[Opening Data shown section]
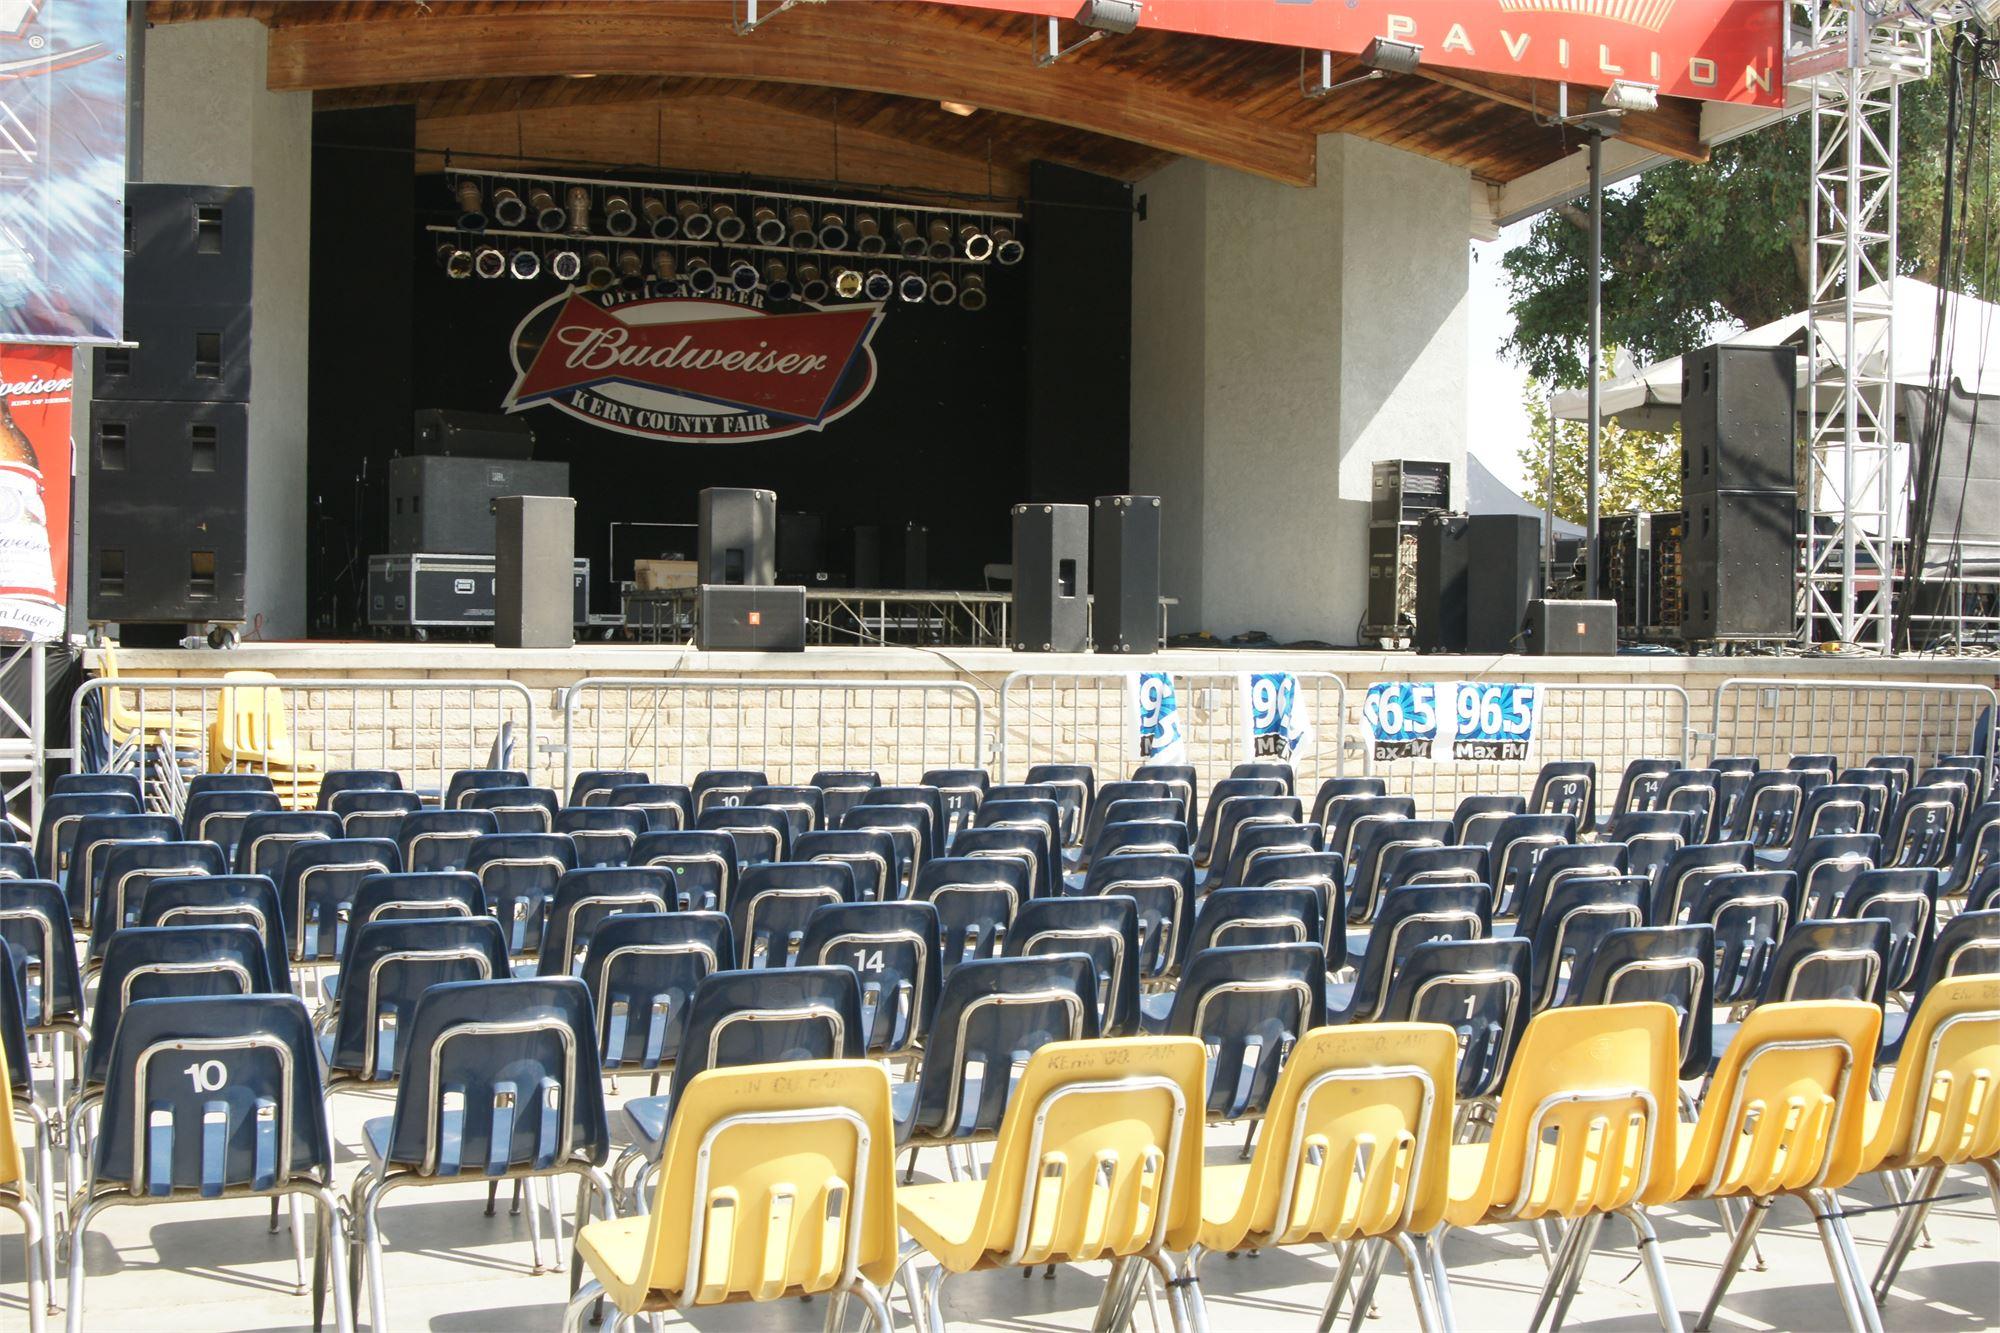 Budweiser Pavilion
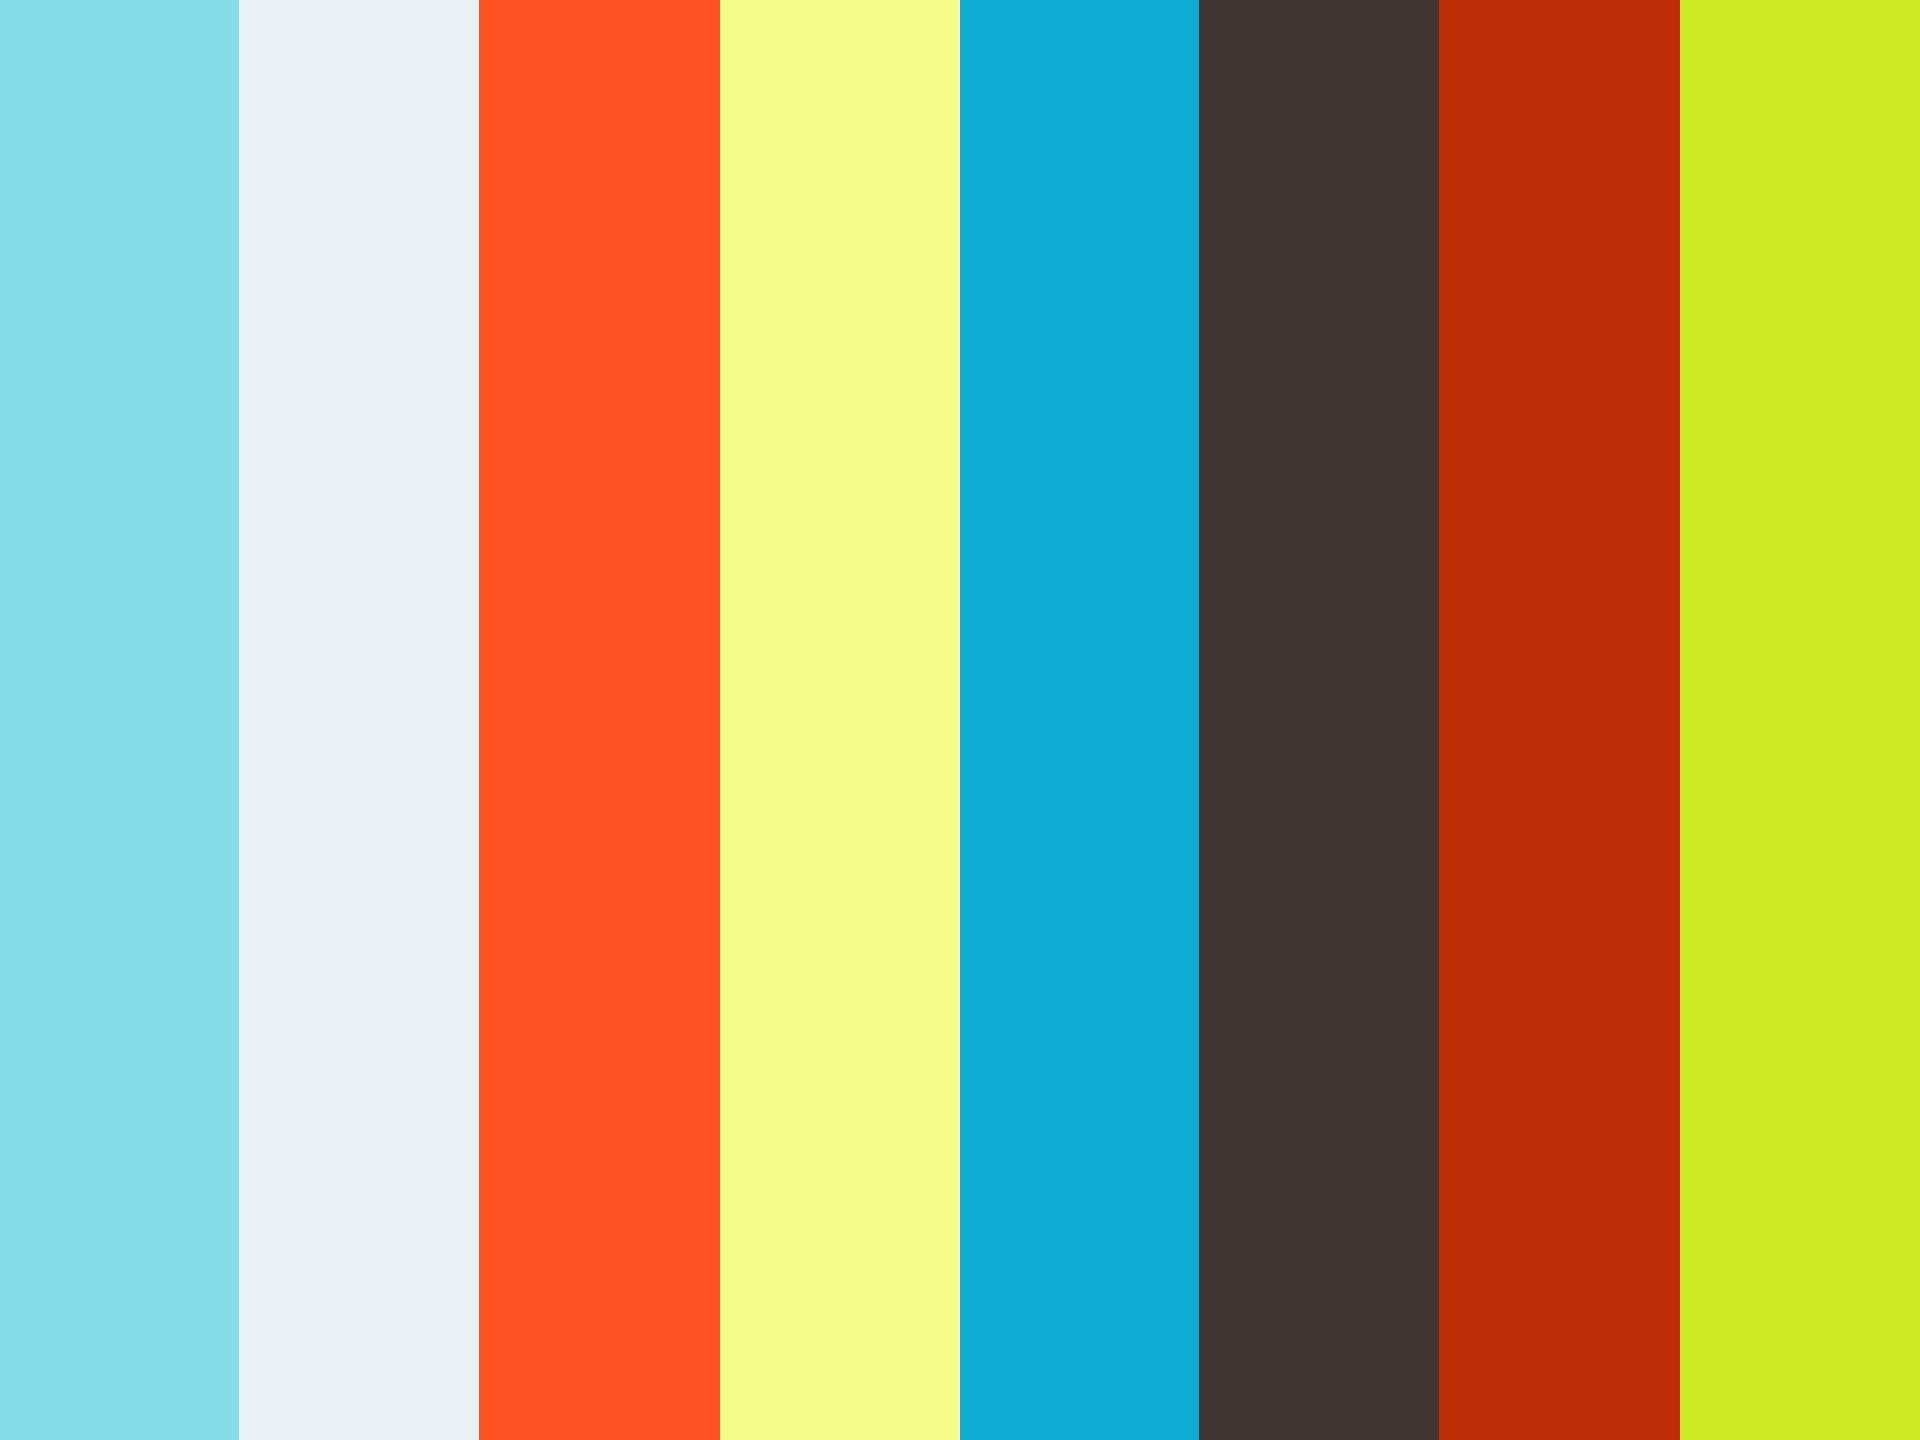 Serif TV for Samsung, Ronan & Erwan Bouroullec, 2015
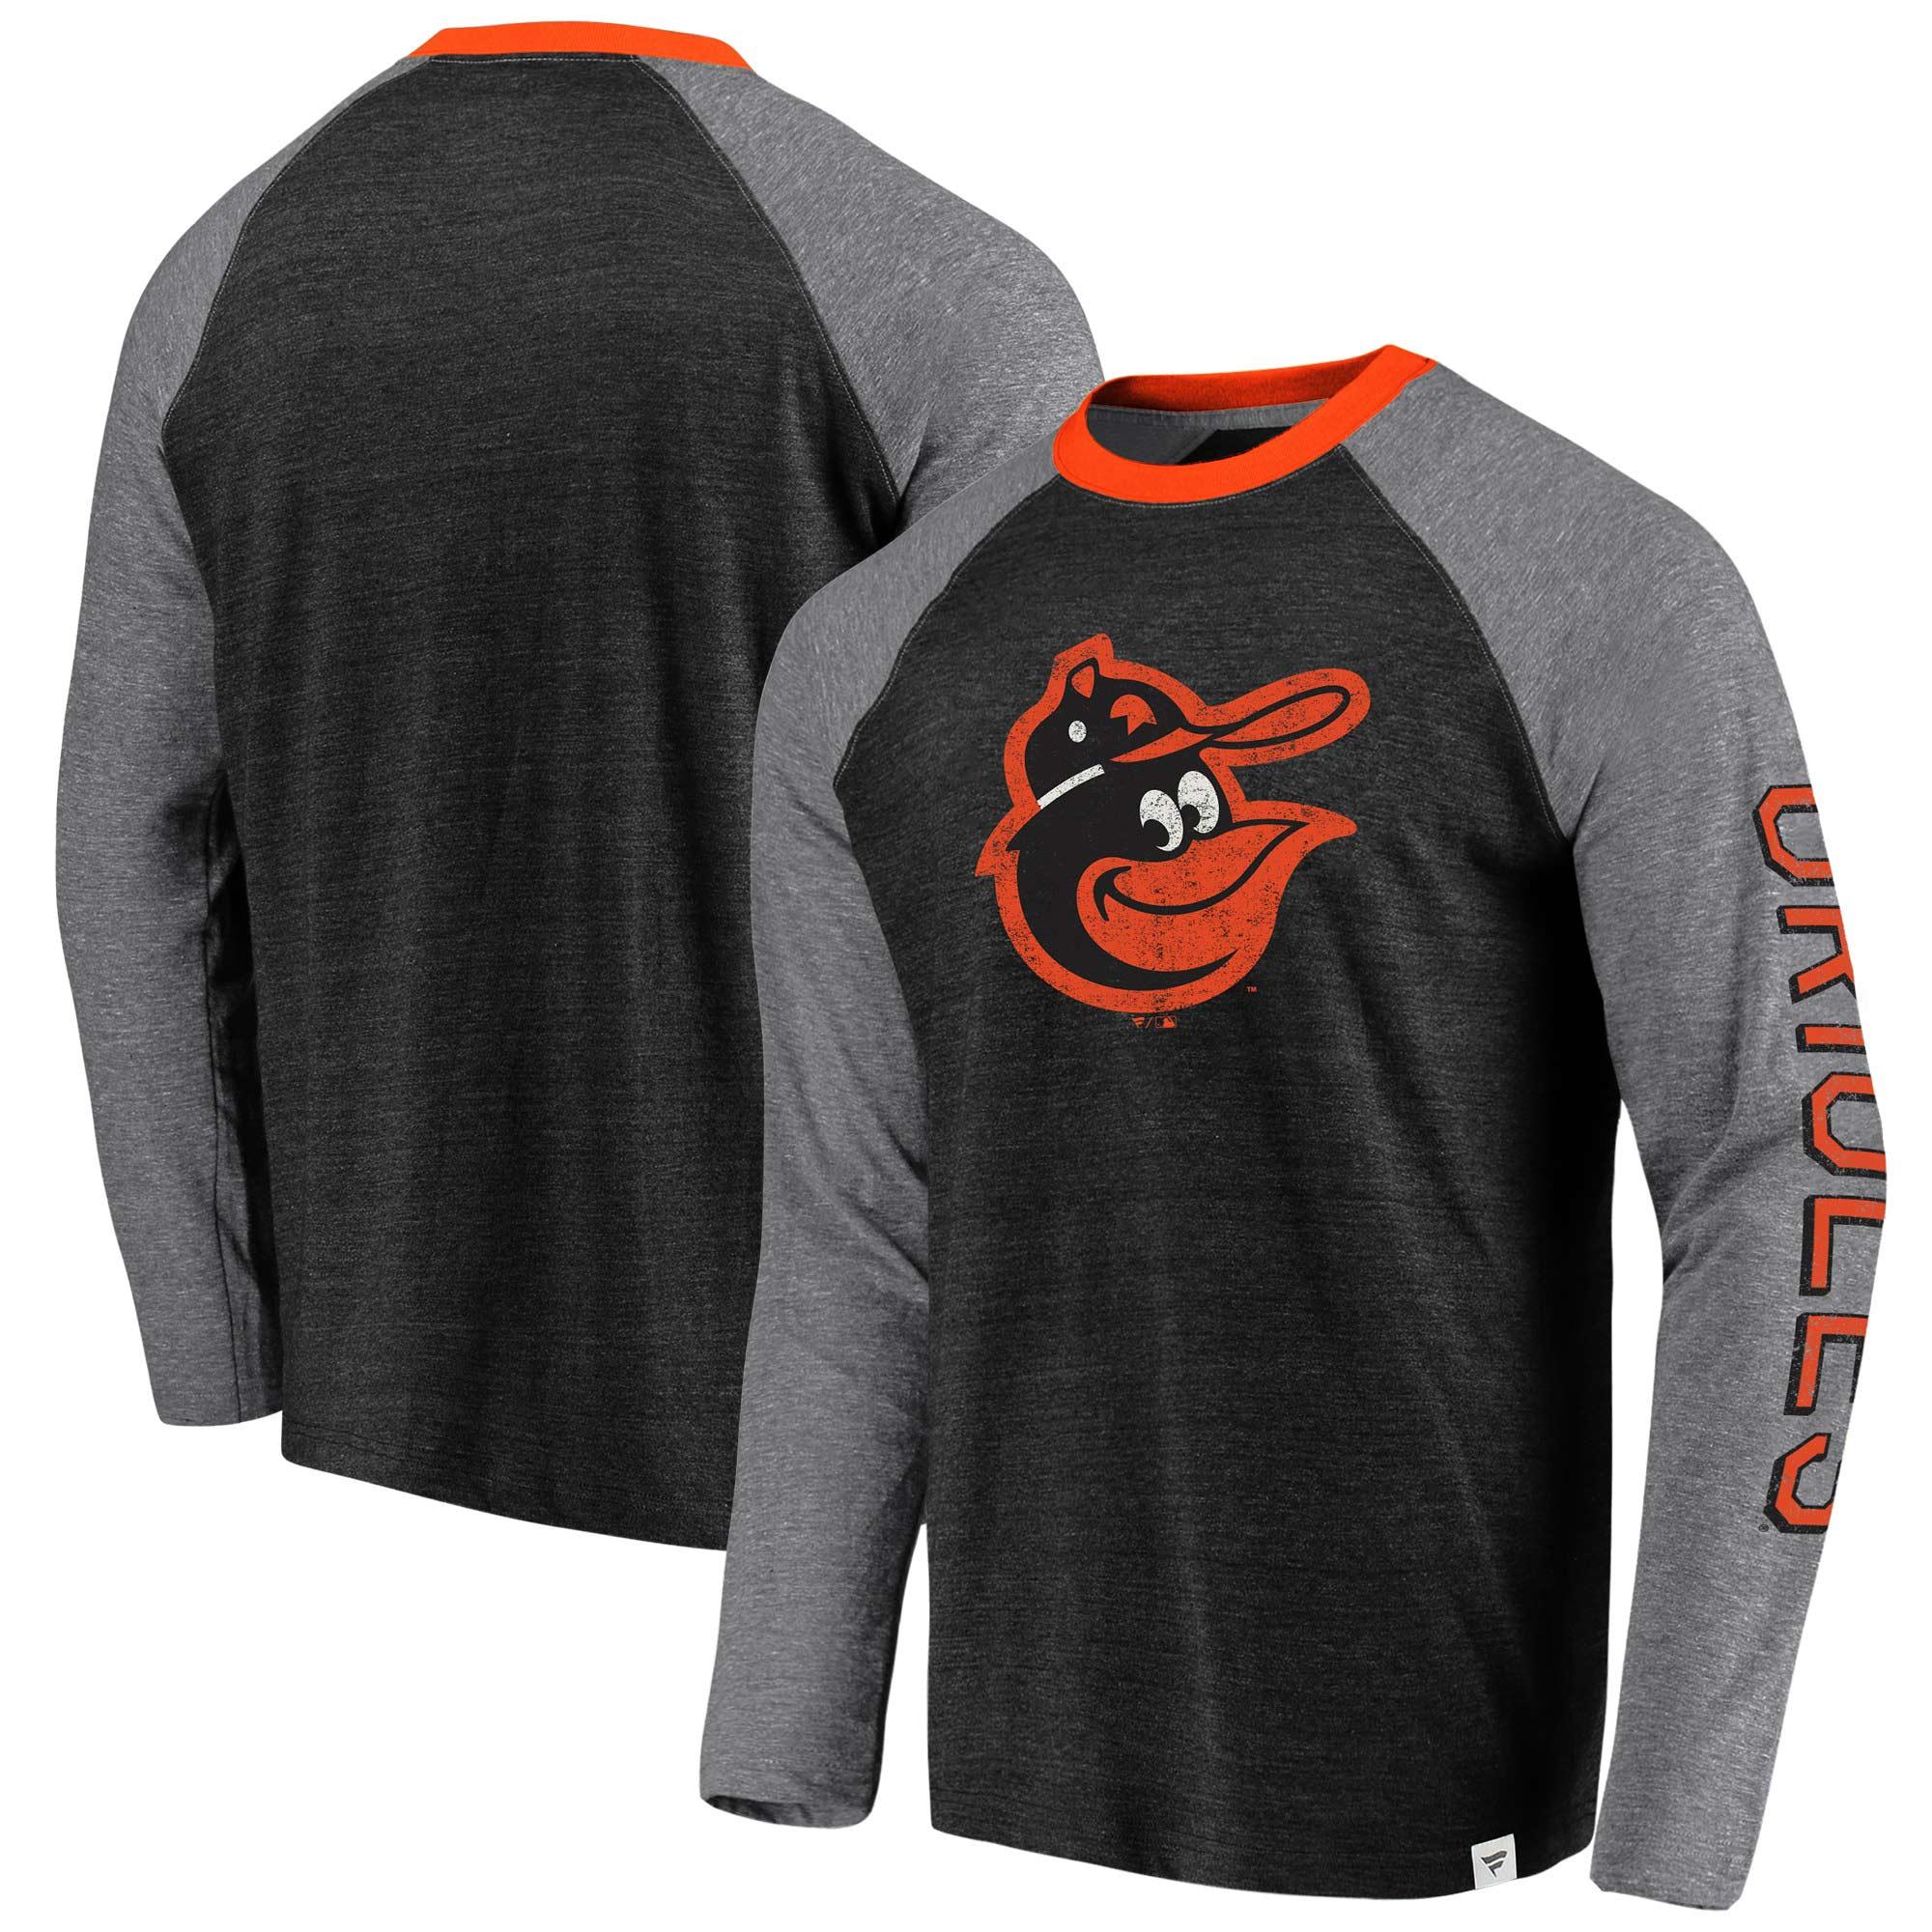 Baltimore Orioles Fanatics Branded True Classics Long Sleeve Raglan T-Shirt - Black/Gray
[Closing Data shown section]
# Required action
Repeat the material above exactly; any picture in it is left out.

# Problem solution
 Budweiser Pavilion
 Serif TV for Samsung, Ronan & Erwan Bouroullec, 2015
 Baltimore Orioles Fanatics Branded True Classics Long Sleeve Raglan T-Shirt - Black/Gray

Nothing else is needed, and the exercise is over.